It starts the minute I wake up. My mind starts telling me the things that I need. "I need coffee. I need peace and quiet. I need more help or more attention or more affection or I need to be left alone. I need more money. I need a vacation."
This morning I had an unusual experience. I was praying while I was tidying the house in preparation for a time of tea, muffins and prayer with some leaders' wives from our church. Suddenly I heard, not with my ears but in my inner being, the words, "Wherever there's a lack, I will fill the gap." I knew God was speaking to me. I immediately thought of myself, and many others in my life, who look to something or someone other than Christ to fill up areas in my/their life where there is a lack. There can be a multitude of ways that we feel and experience lack, and a multitude of ways we try to fill up our own emptiness.

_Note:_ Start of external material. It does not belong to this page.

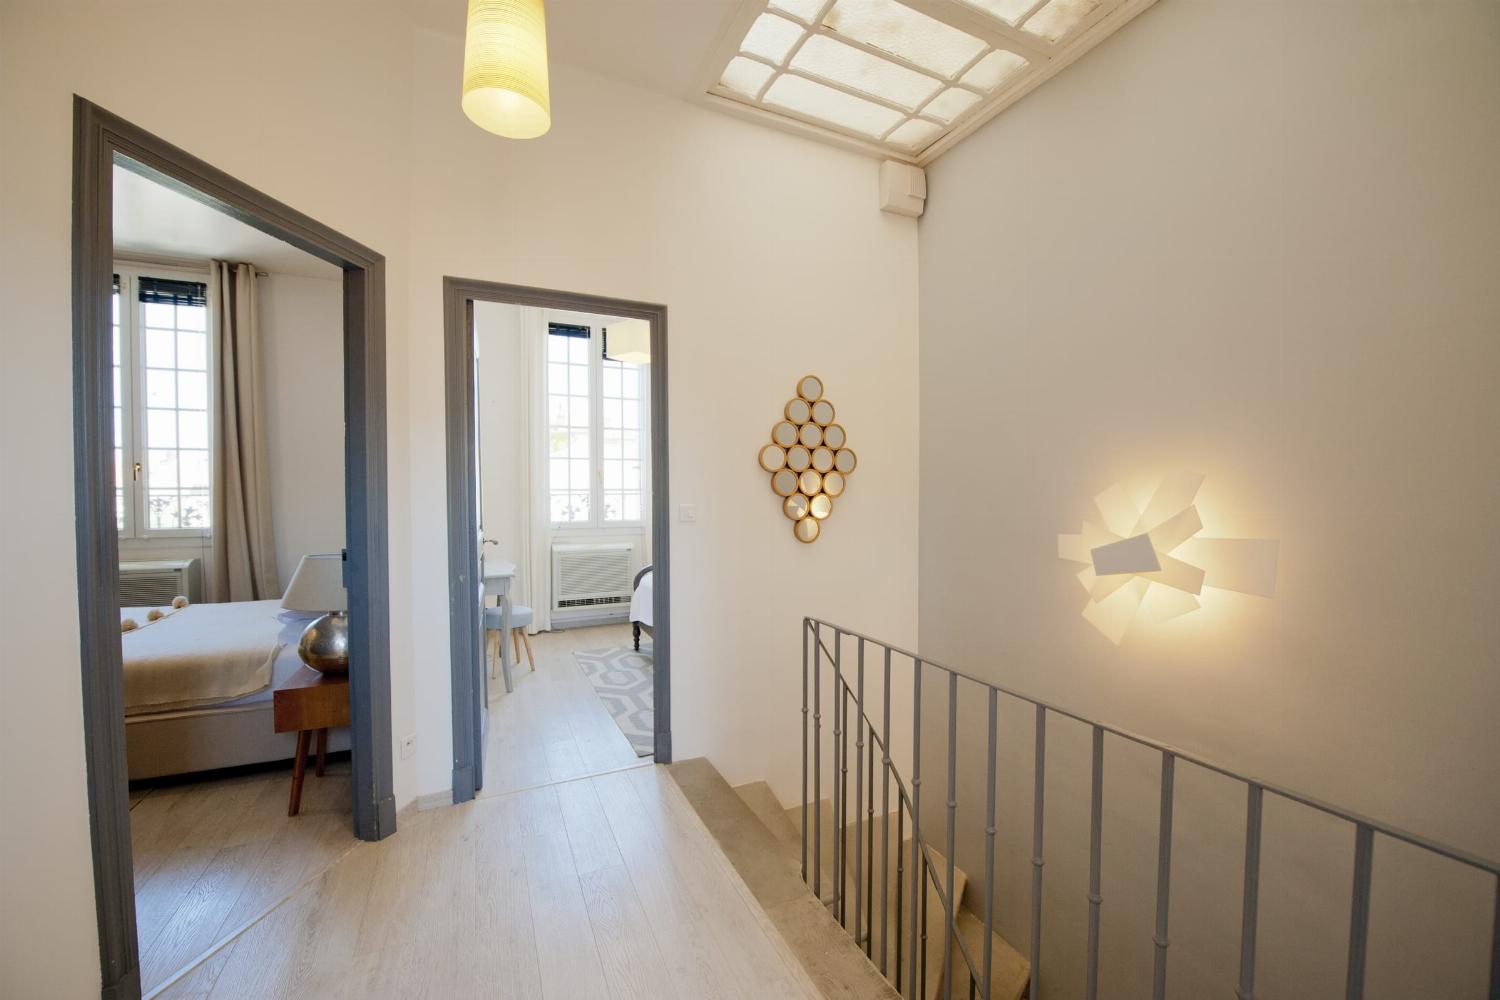 Couloir du 1er étage | Location maison dans le sud de la France

Lack of peace? I'll just binge watch Netflix to escape.
Lack of contentment? Let's go shopping! Something new always cheers me up!
Feeling lonely? I know this relationship isn't God's best for me, but it's got to be better than being alone, right?
I feel sad, mad, bad, whatever....I need to eat some chocolate! (Or in my case, something salty!)
We try to fill up our emptiness with more activities, or more stuff, or more experiences, more, more, more.
But if God is first place in my life, if Jesus is my all in all, why don't I look to Him above all those other things to fill the gaps in my life? One of God's names is El Shaddai, the God Who is more than enough. Why do I live like He isn't-like I have to look to other things or other people to satisfy my longing heart? If Jesus is first in my life, if He really is preeminent, above all else and all others to me, then why, when I sense my own inner lack, isn't my mind telling me, "I just need more of Jesus"?